Grand Junction changes panhandling law after legal challenge from ACLU

GRAND JUNCTION, Colo. - City councilors unanimously approved changes to their panhandling ordinance after a legal challenge.

The Grand Junction Daily Sentinel reports that at a meeting Wednesday night, councilors removed a prohibition on knowingly panhandling from at-risk individuals and near school grounds. It also reduced a no-begging zone around bus stops and ATMs from 100 to 20 feet.

A final change to the ordinance includes deleting a section that bans solicitors from panhandling off state and federal highways, the newspaper said. However, panhandlers still could not step into the roadway to accept donations, according to the amended ordinance.

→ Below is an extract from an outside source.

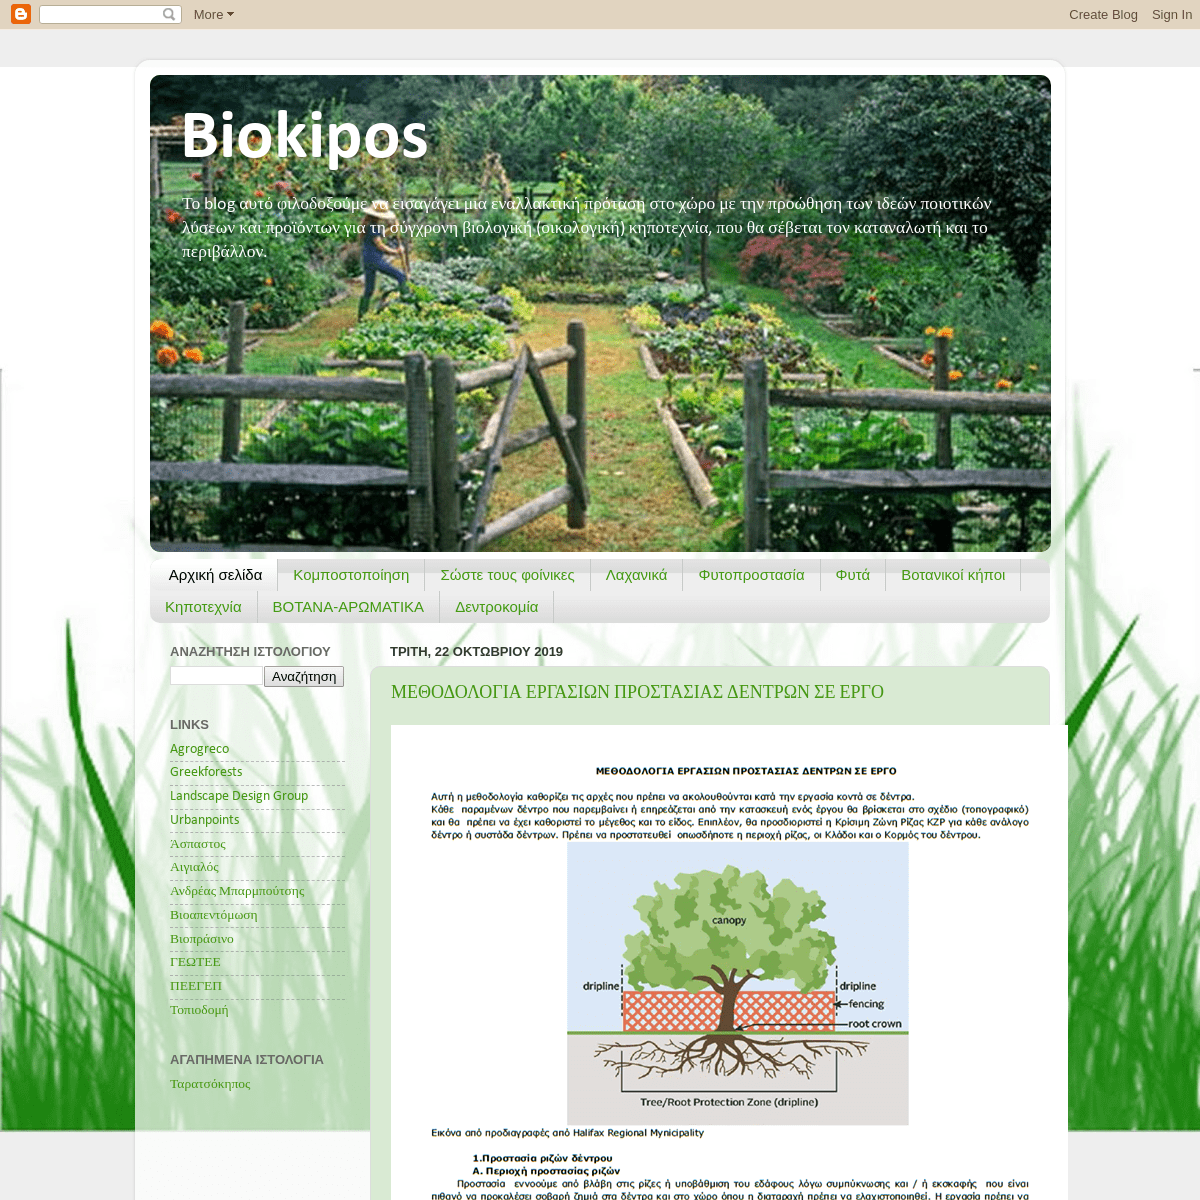 A complete backup of biokipos.blogspot.com

Soon after the ordinance was adopted in February, the American Civil Liberties Union filed a federal suit against the city on behalf of five local residents and a nonprofit group that raises funds on the city's streets.

One of the plaintiffs is described as an "at-risk" person under the ordinance who wishes to continue to receive requests for help. The ACLU says the ordinance places unconstitutionally broad restrictions on speech.
The ordinance, which was slated to go into effect March 23, has never been enforced on the advice of the city attorney.

Further discussion will happen before a decision is made about when to begin enforcement of the newly worded ordinance.